Specifically, under Sec. 38, Book I, Administrative Code, civil liability may arise where there is bad faith, malice, or gross negligence on the part of a superior public officer. And, under Sec. 39 of the same Book, civil liability may arise where the subordinate public officer’s act is characterized by willfulness or negligence. In Cojuangco, Jr. V. CA, a public officer who directly or indirectly violates the constitutional rights of another, may be validly sued for damages under Article 32 of the Civil Code even if his acts were not so tainted with malice or bad faith.

Thus, the rule in this jurisdiction is that a public officer may be validly sued in his/her private capacity for acts done in the course of the performance of the functions of the office, where said public officer: (1) acted with malice, bad faith, or negligence; or (2) where the public officer violated a constitutional right of the plaintiff.

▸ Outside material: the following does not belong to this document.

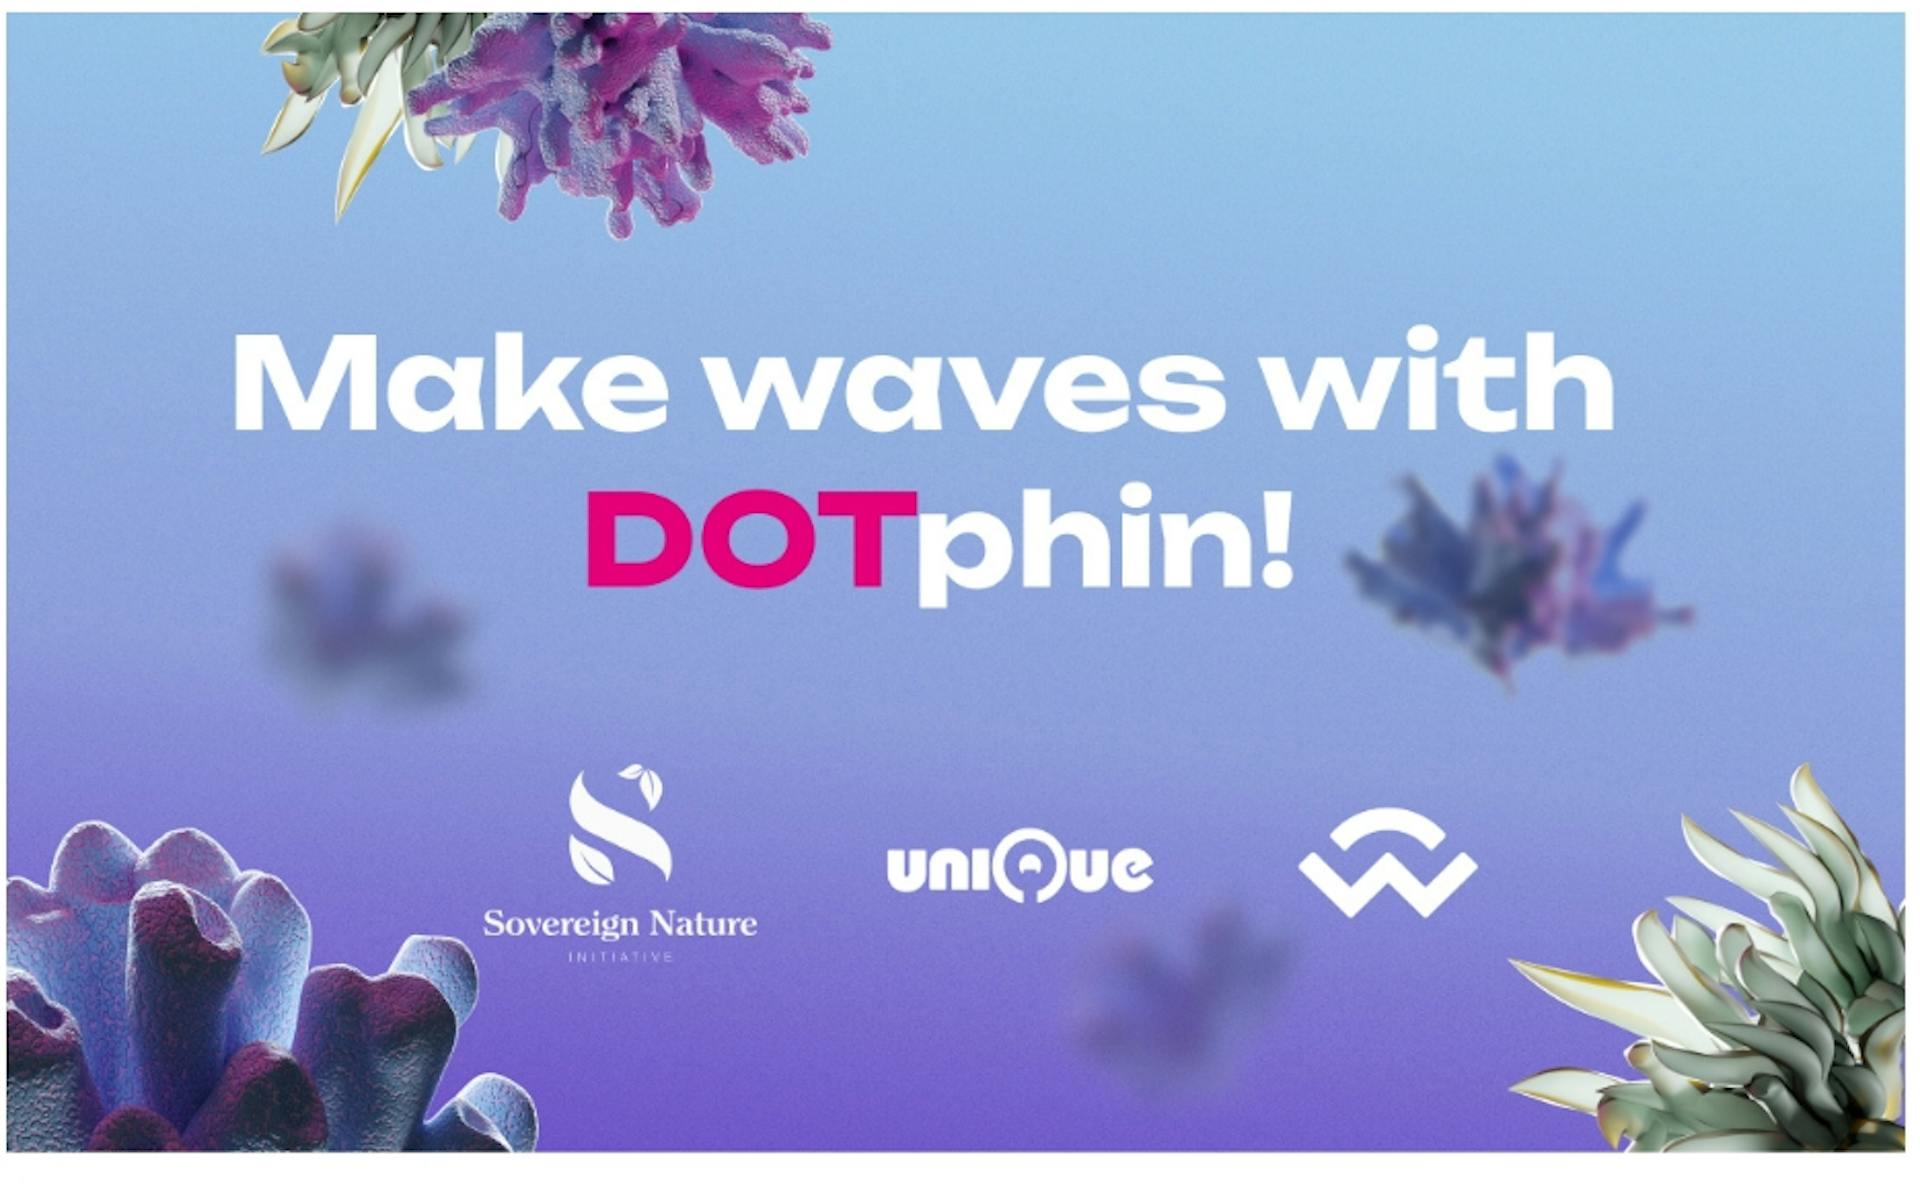 featured image - Sovereign Nature Initiative führt DOTphin auf Polkadot ein, um positive Auswirkungen auf die Umwelt zu erzielen

On the second issue, SC ruled that the decisive provision is Article 32, it being a special law, which prevails over a general law (the Administrative Code).

Article 32 was patterned after the “tort” in American law. A tort is a wrong, a tortious act which has been defined as the commission or omission of an act by one, without right, whereby another receives some injury, directly or indirectly, in person, property or reputation. There are cases in which it has been stated that civil liability in tort is determined by the conduct and not by the mental state of the tortfeasor, and there are circumstances under which the motive of the defendant has been rendered immaterial. The reason sometimes given for the rule is that otherwise, the mental attitude of the alleged wrongdoer, and not the act itself, would determine whether the act was wrongful. Presence of good motive, or rather, the absence of an evil motive, does not render lawful an act which is otherwise an invasion of another’s legal right; that is, liability in tort in not precluded by the fact that defendant acted without evil intent.